Brian Tracy Interview – Become a Better Communicator, Use Military Strategies for Success and Become a Better Leader: Part 2/3

Brian Tracy is one of America’s leading authorities on the development of human potential and personal effectiveness. A dynamic and inspiring speaker, he addresses thousands of people each year on the subjects of personal and professional development, including the executives and staff of such firms as IBM, Arthur Andersen, McDonnell Douglas, and The Million Dollar Round Table. Prior to founding his own firm, Brian Tracy International, he had successful careers in sales and marketing, investments, real estate development, distribution, and management consulting. Tracy is the author of over forty books including the bestselling book Maximum Achievement.

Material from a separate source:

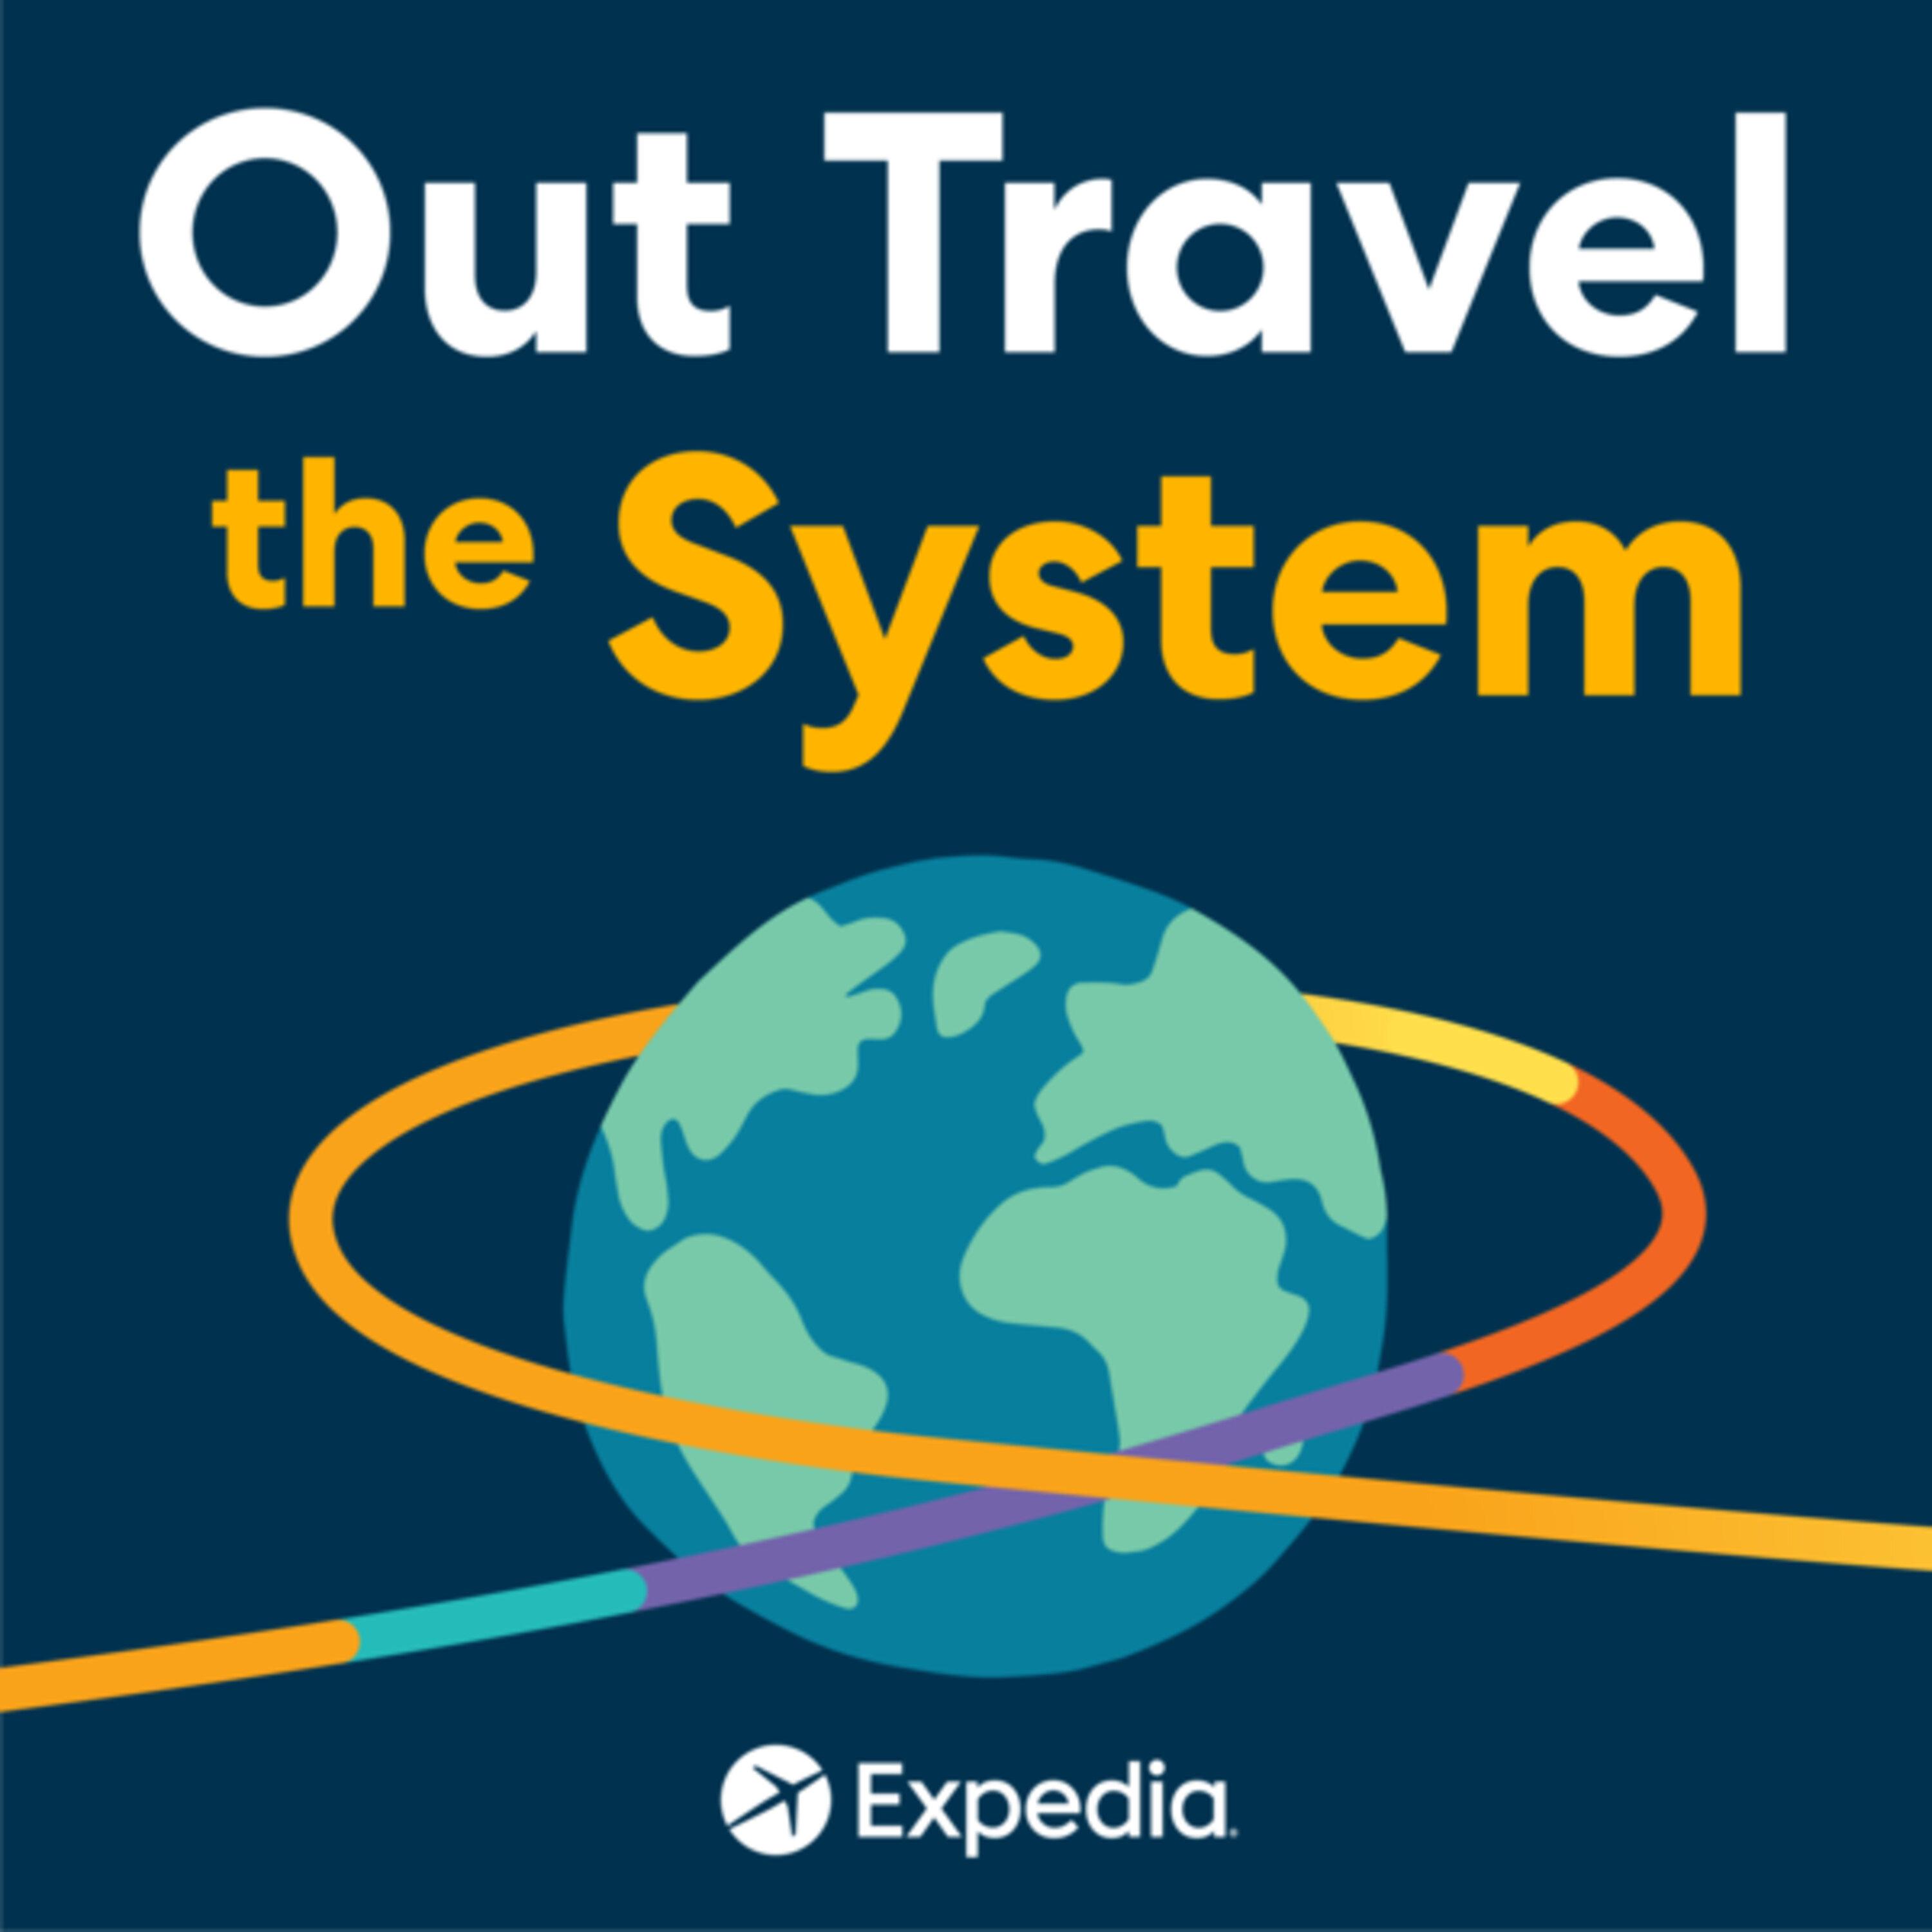 Thumbnail for "Out Travel the System - Show Promo".

4) Question: Veterans overseas often have to turn off parts of themselves, specifically emotional parts. How can someone recharge or re-engage parts of themselves and their brain that they haven’t used in a long time?

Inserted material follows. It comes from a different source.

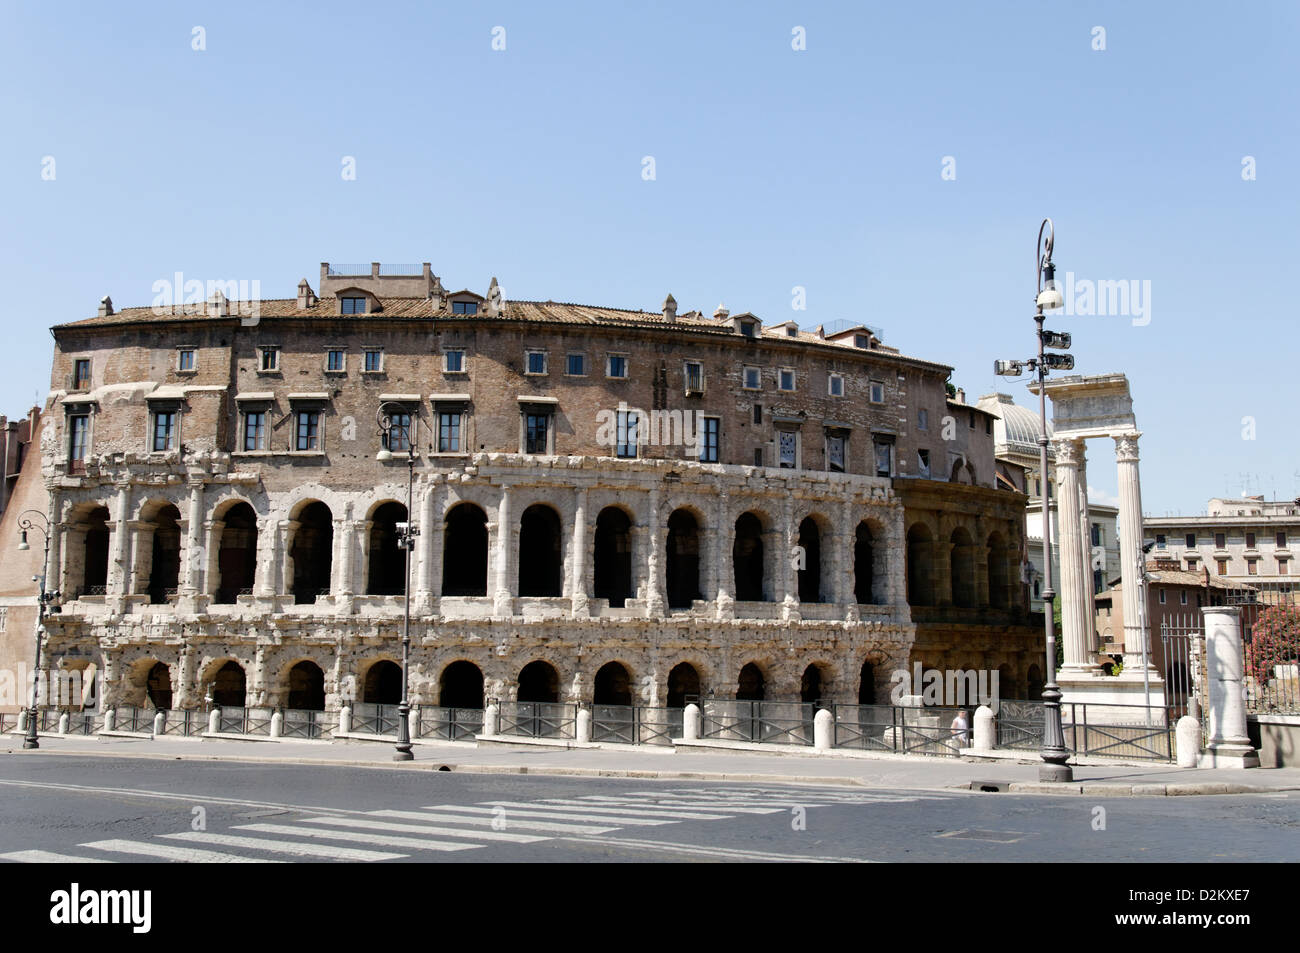 Rome Italy.The Teatro di Marcello (Theatre of Marcellus) and remaining columns and frieze of the Temple of the Greek god Apollo Stock Photo

Answer: Perhaps the greatest discovery in human history is that, “You become what you think about – most of the time.”

Your brain adjusts quickly to the stresses and demands of a new situation, especially in a combat situation overseas. It shuts down parts of your thoughts and emotions that might make you ineffective or distract you from the work at hand. This is normal and natural, and is a survival mechanism that is designed for your benefit.

When you return, you still become what you think about most of the time. Now, however, it is time to think of other things. Just as if you change your physical diet, you will feel differently, when you change your mental diet, you will feel differently as well.

When you return, you can begin the reprogramming of your mind in a positive way by reading positive books, listening to positive audio programs, associating with positive people, and even watching comedies and action programs on television that stimulate your mind and begin changing your thinking in a positive way.

Fully 95% of what you do, say, think or feel is the result of habit. Good habits are hard to form but easy to live with. Bad habits are easy to form but hard to live with. The good news is that you can develop new, positive, healthy habits of thought and feeling by repeating the words, pictures and actions consistent with your new habit over and over again until they lock in.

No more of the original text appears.